Hello!
Sep 20 11:50:48 ganges bird: Kernel dropped some netlink messages, will resync on next scan. [...] Sep 20 11:51:19 ganges bird: Kernel dropped some netlink messages, will resync on next scan.
This is somehow inevitable, as the netlink manpage states: However, reliable transmissions from kernel to user are impossible in any case. The kernel can't send a netlink message if the socket buffer is full: the message will be dropped and the kernel and the user-space process will no longer have the same view of kernel state. It is up to the application to detect when this happens (via the ENOBUFS error returned by recvmsg(2)) and resynchronize. This unreliability is also a good reason to have periodic table scans, just to be sure that kernel is in sync with BIRD.
I'm seeing netlink drops when upstream internet churn is say more than 200 updates/sec or so, not huge, but quite freqent and can continue for minutes/hours.

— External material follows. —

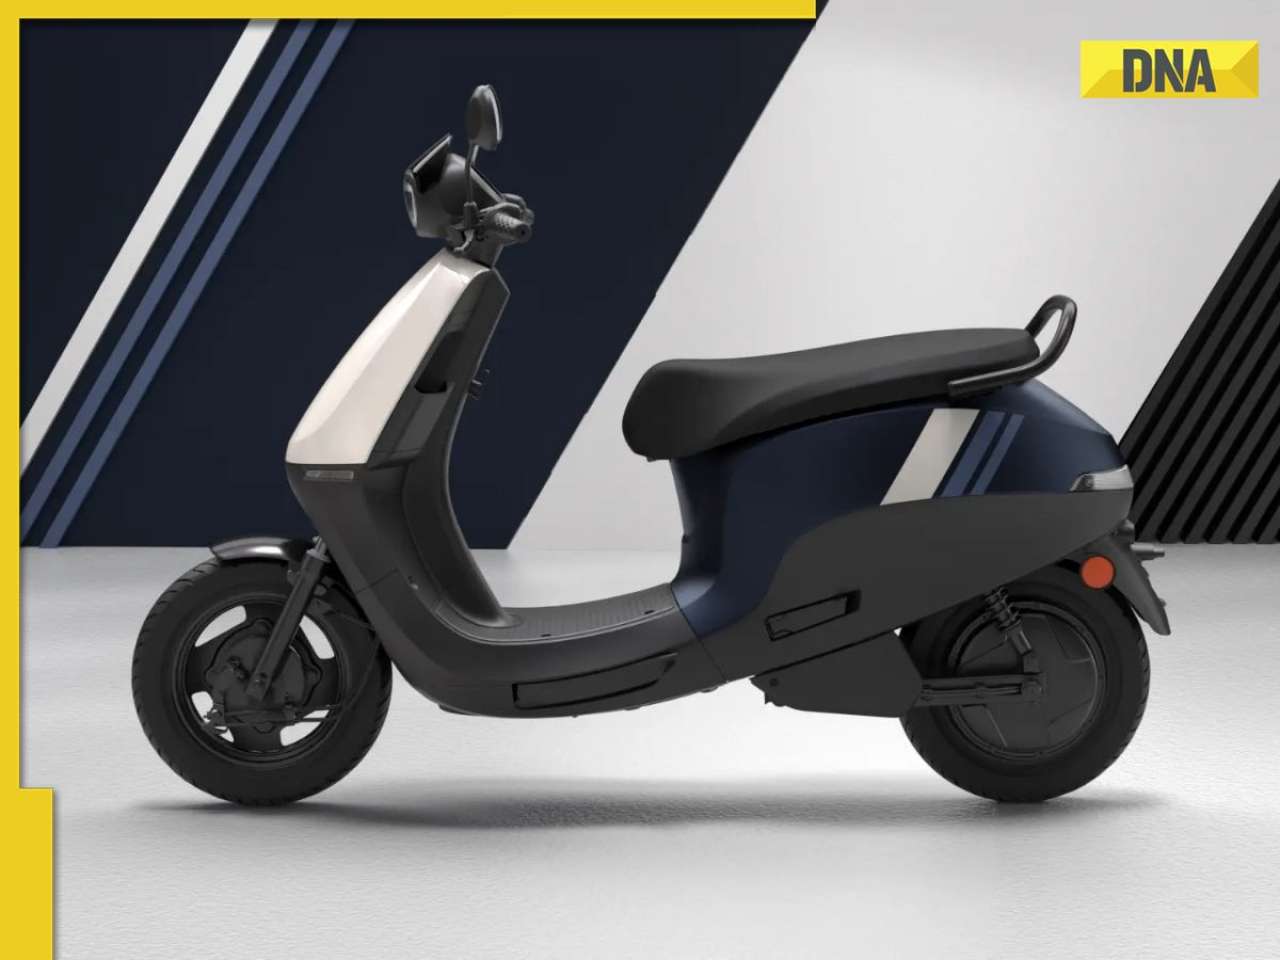 Ola’s S1 Pro electric scooter gets PLI certification to boost green mobility

Yes, this is quite a known situation. We can't do much about it in single-threaded BIRD – the ENOBUFS error signals that the kernel has no more room to store route updates. (See more thorough explanation down there.)
Some items I've investigated so far:
Increasing net.core.rmem_max and net.core.wmem_max sysctls doesn't seem to help much, strace of bird doesn't indicate any EAGAIN or blocking when writing to the netlink sockets.
Here somebody suggests increasing net.core.rmem_default before starting BIRD. https://bird.network.cz/pipermail/bird-users/2017-September/011541.html
strace shows some room for optimization in the prot kernel (these would obviously be code changes). For example, when a route changes next-hop/interface, 2 netlink messages are sent, delete followed by add, instead of a single change/replace (this would complicate bird, but reduce netlink message in half for updates).
This would be feasible in a world of one single kernel with no bugs, yet there have been quite a few bugs needed to be worked-around and we have no useful detection mechanism to check whether this exact kernel version suffers from that bug. (There are still people running new BIRD on old kernels.)
There is plenty of cpu cycles available, bird is <%1, etc...
Any pointers on tuning or config changes that may help here are appreciated.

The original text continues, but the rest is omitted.